**Assignment**
All pictures are to be dropped, and the remaining data set down exactly.

**Supplied data**
*** Block opens ***
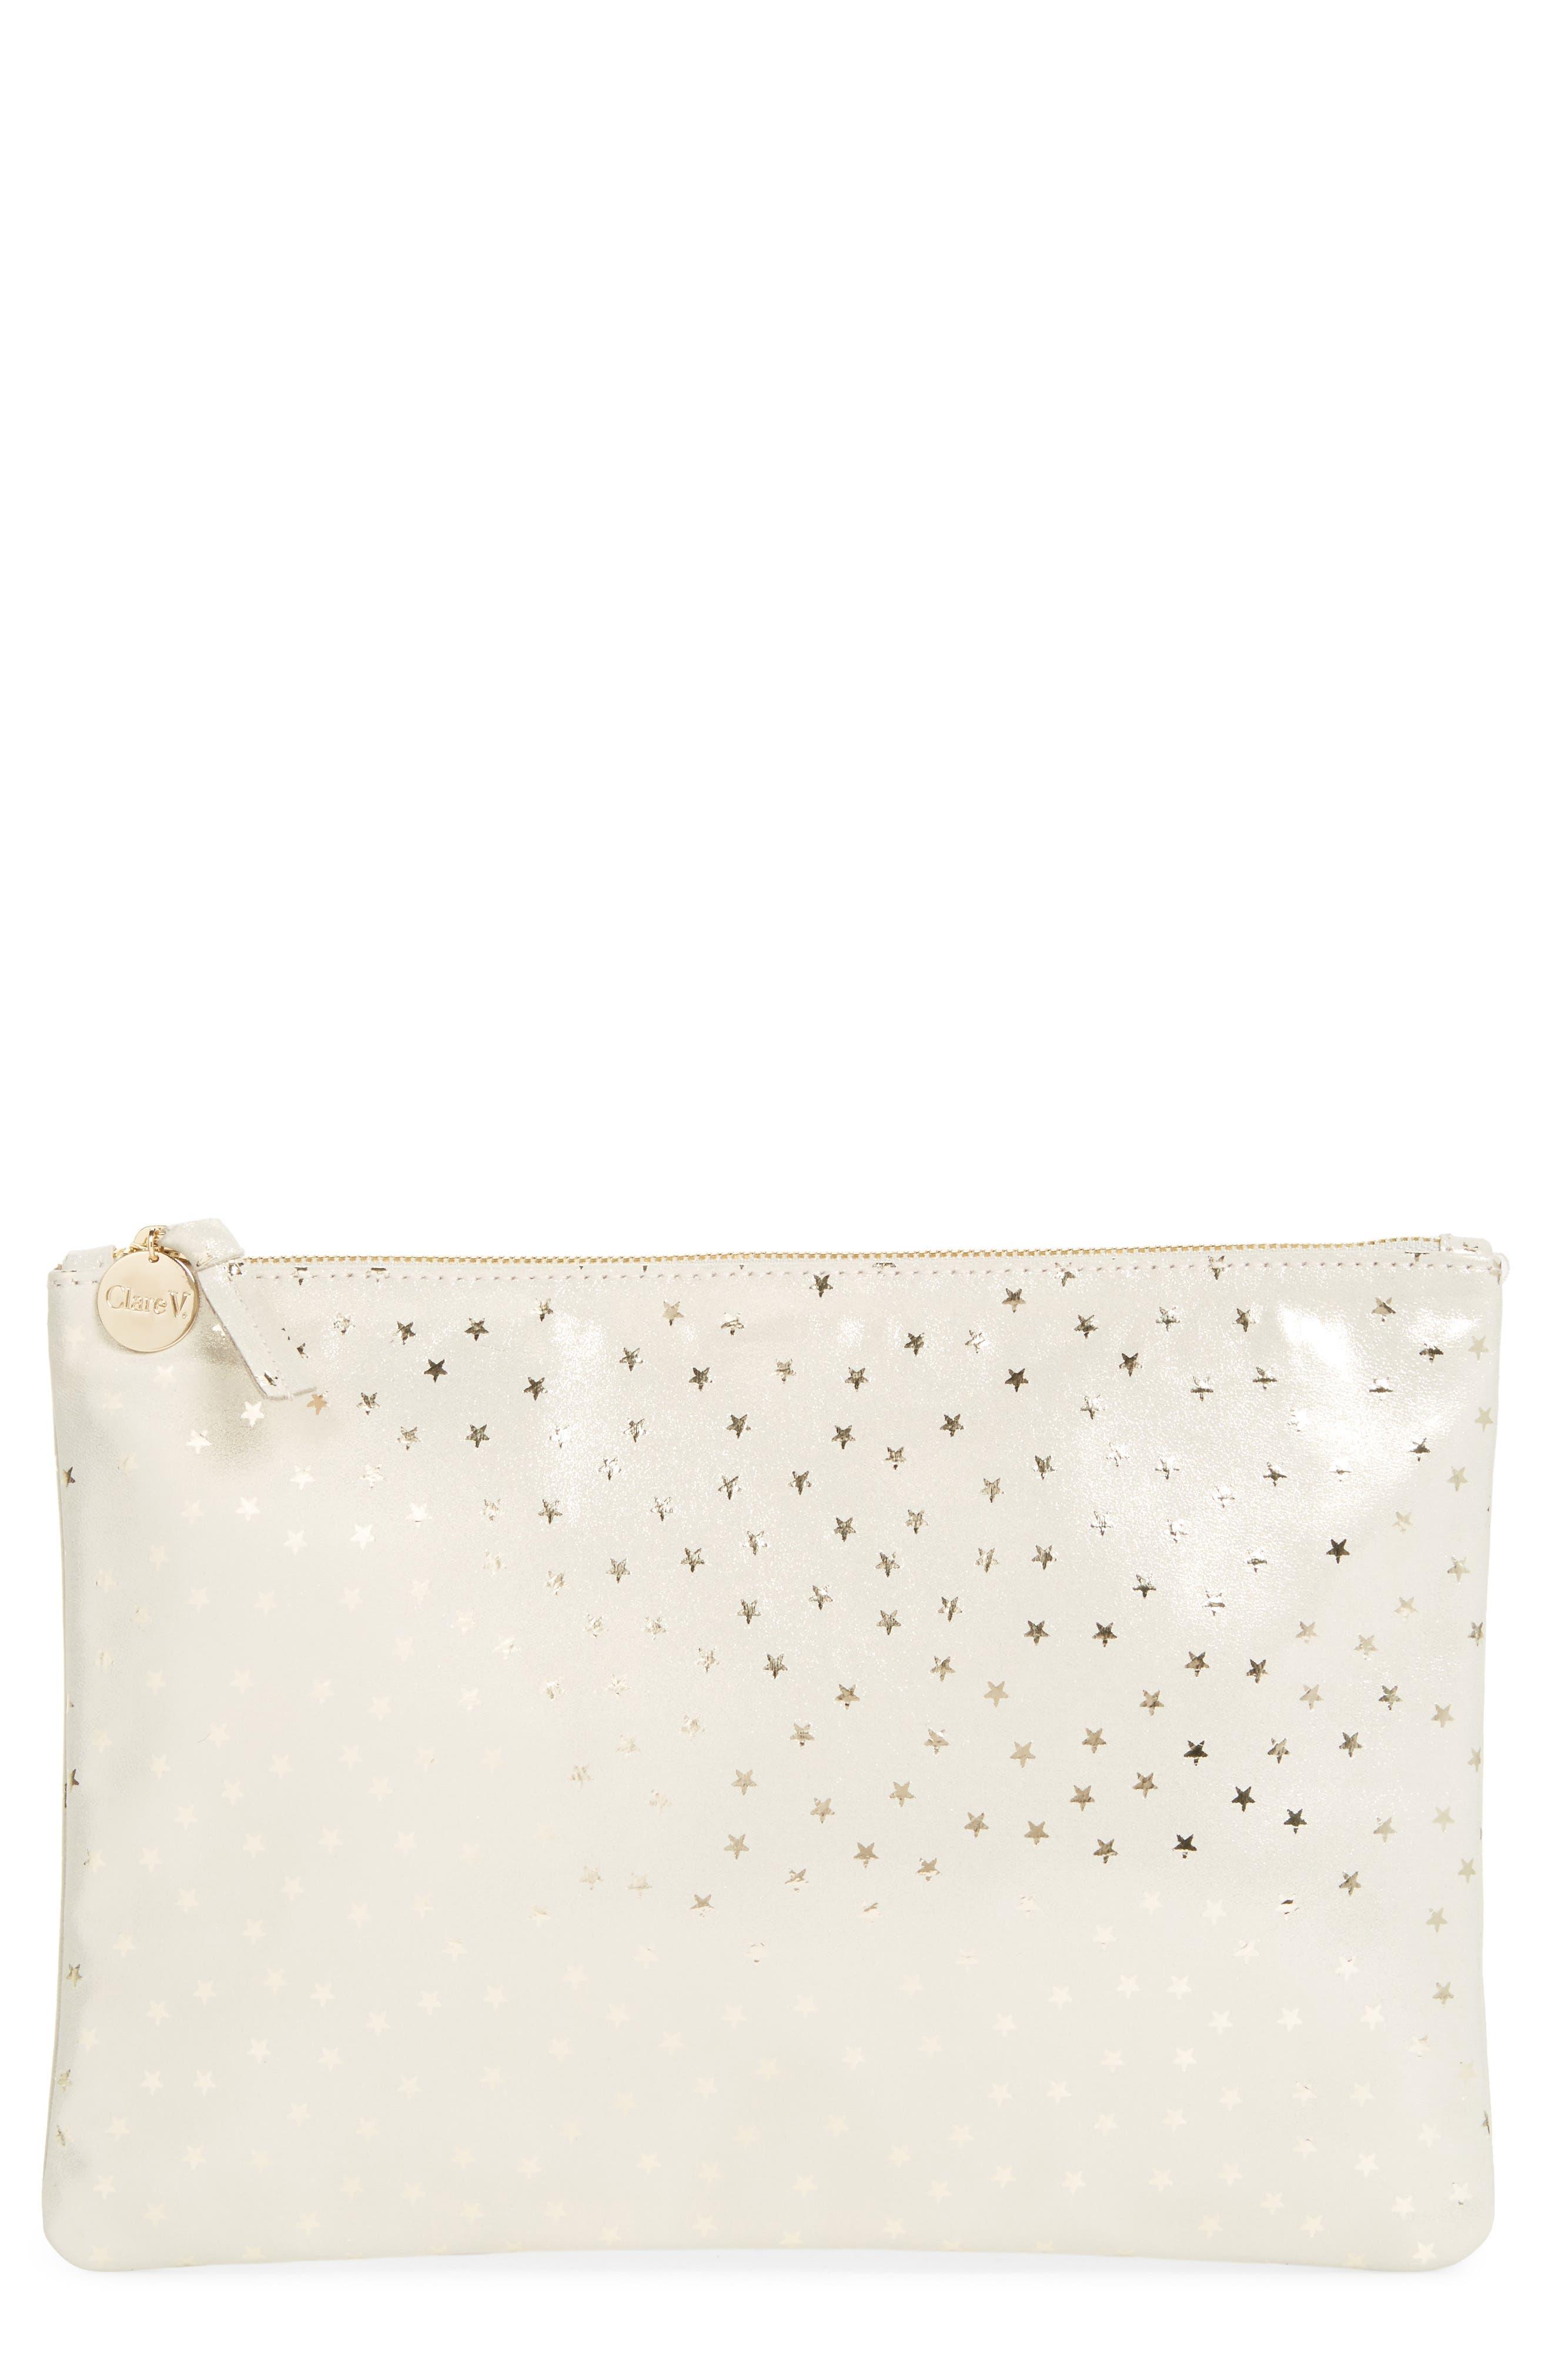 Clare V. Star Shimmer Suede Flat Clutch
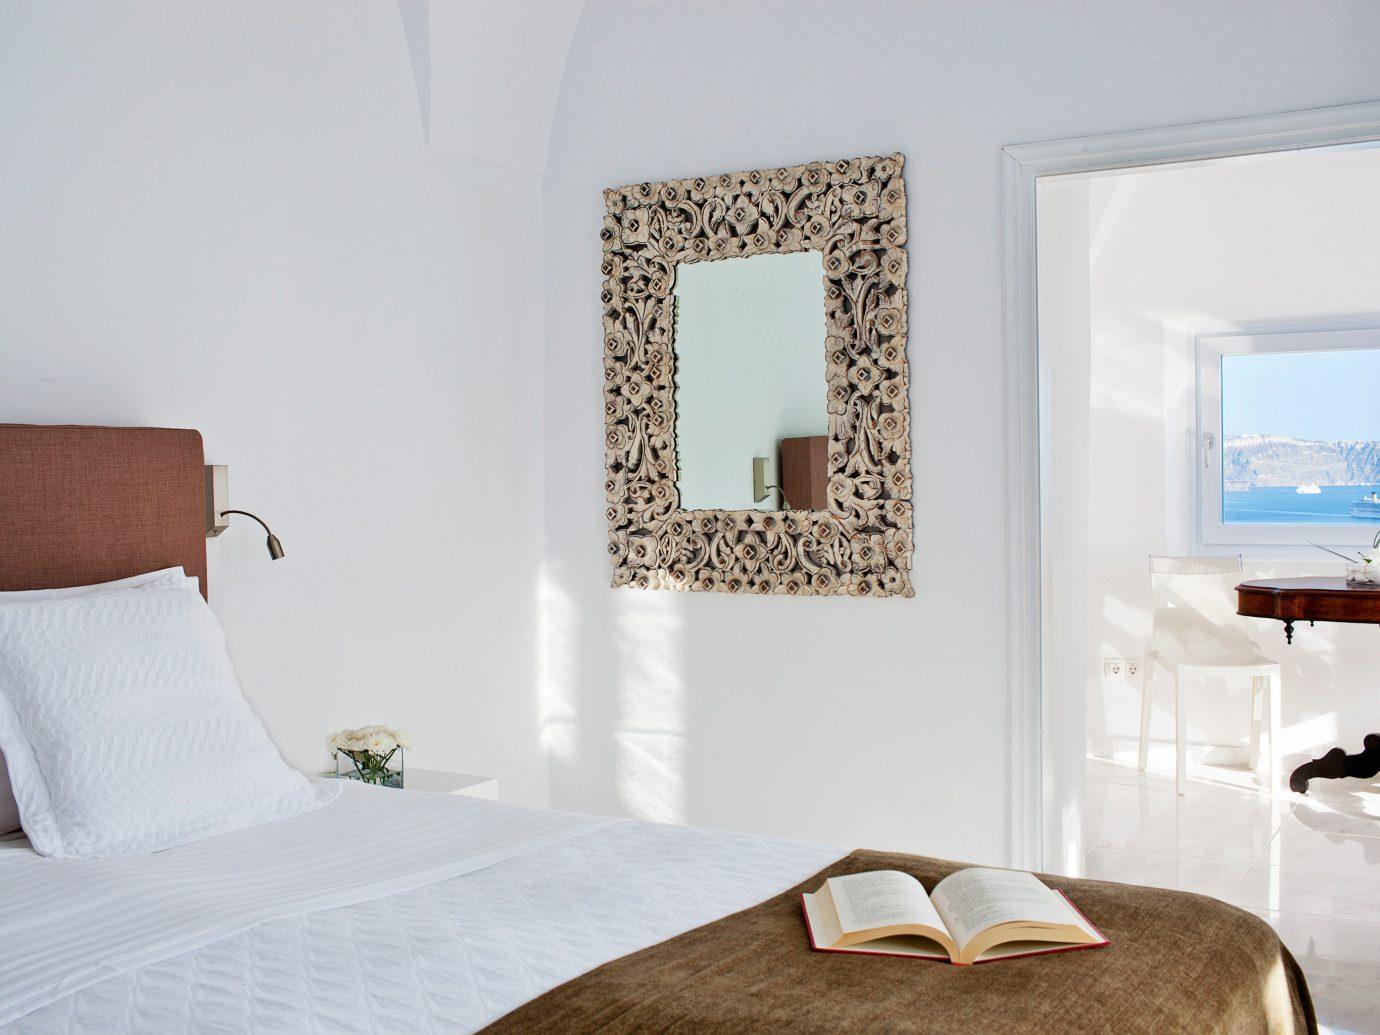 Bedroom Elegant Historic Honeymoon Hotels Scenic views Waterfront indoor wall bed room property pillow Suite scene interior design floor hotel furniture home living room Design cottage bed sheet apartment
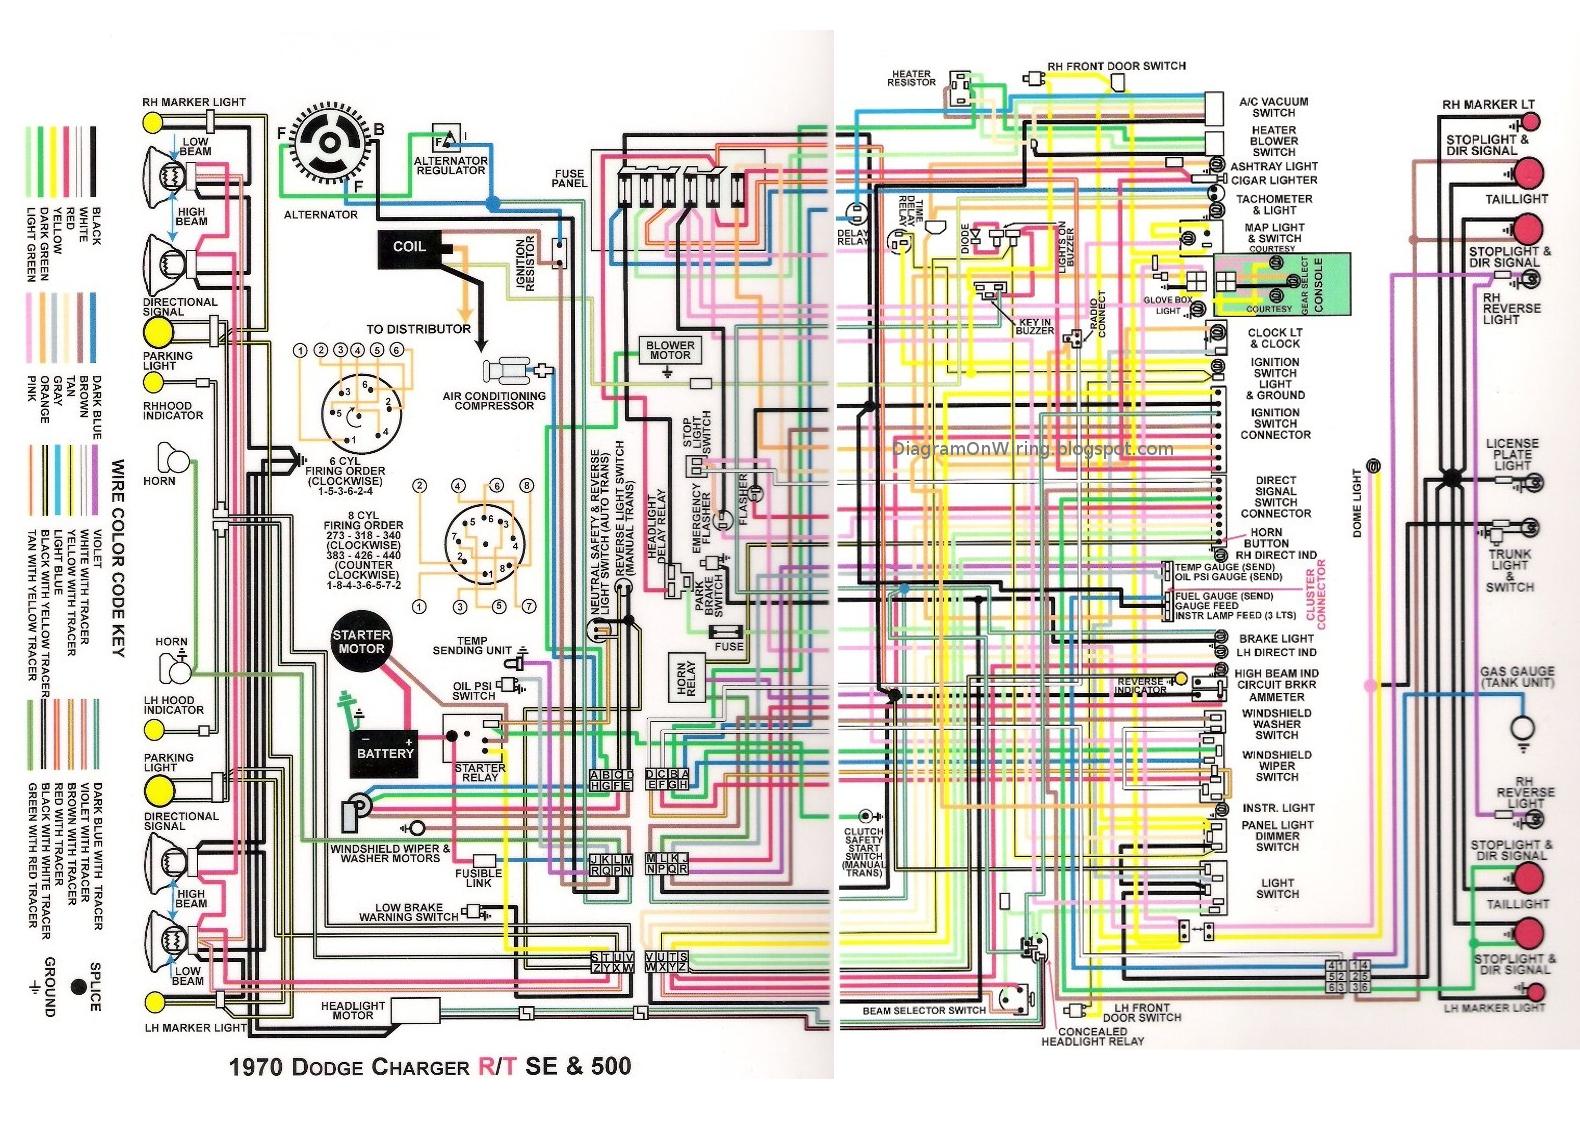 Erfreut 66 Impala Ss Schaltplan Ideen - Der Schaltplan - triangre.info
*** Block closes ***
**Worked solution**
 Clare V. Star Shimmer Suede Flat Clutch
 Bedroom Elegant Historic Honeymoon Hotels Scenic views Waterfront indoor wall bed room property pillow Suite scene interior design floor hotel furniture home living room Design cottage bed sheet apartment
 Erfreut 66 Impala Ss Schaltplan Ideen - Der Schaltplan - triangre.info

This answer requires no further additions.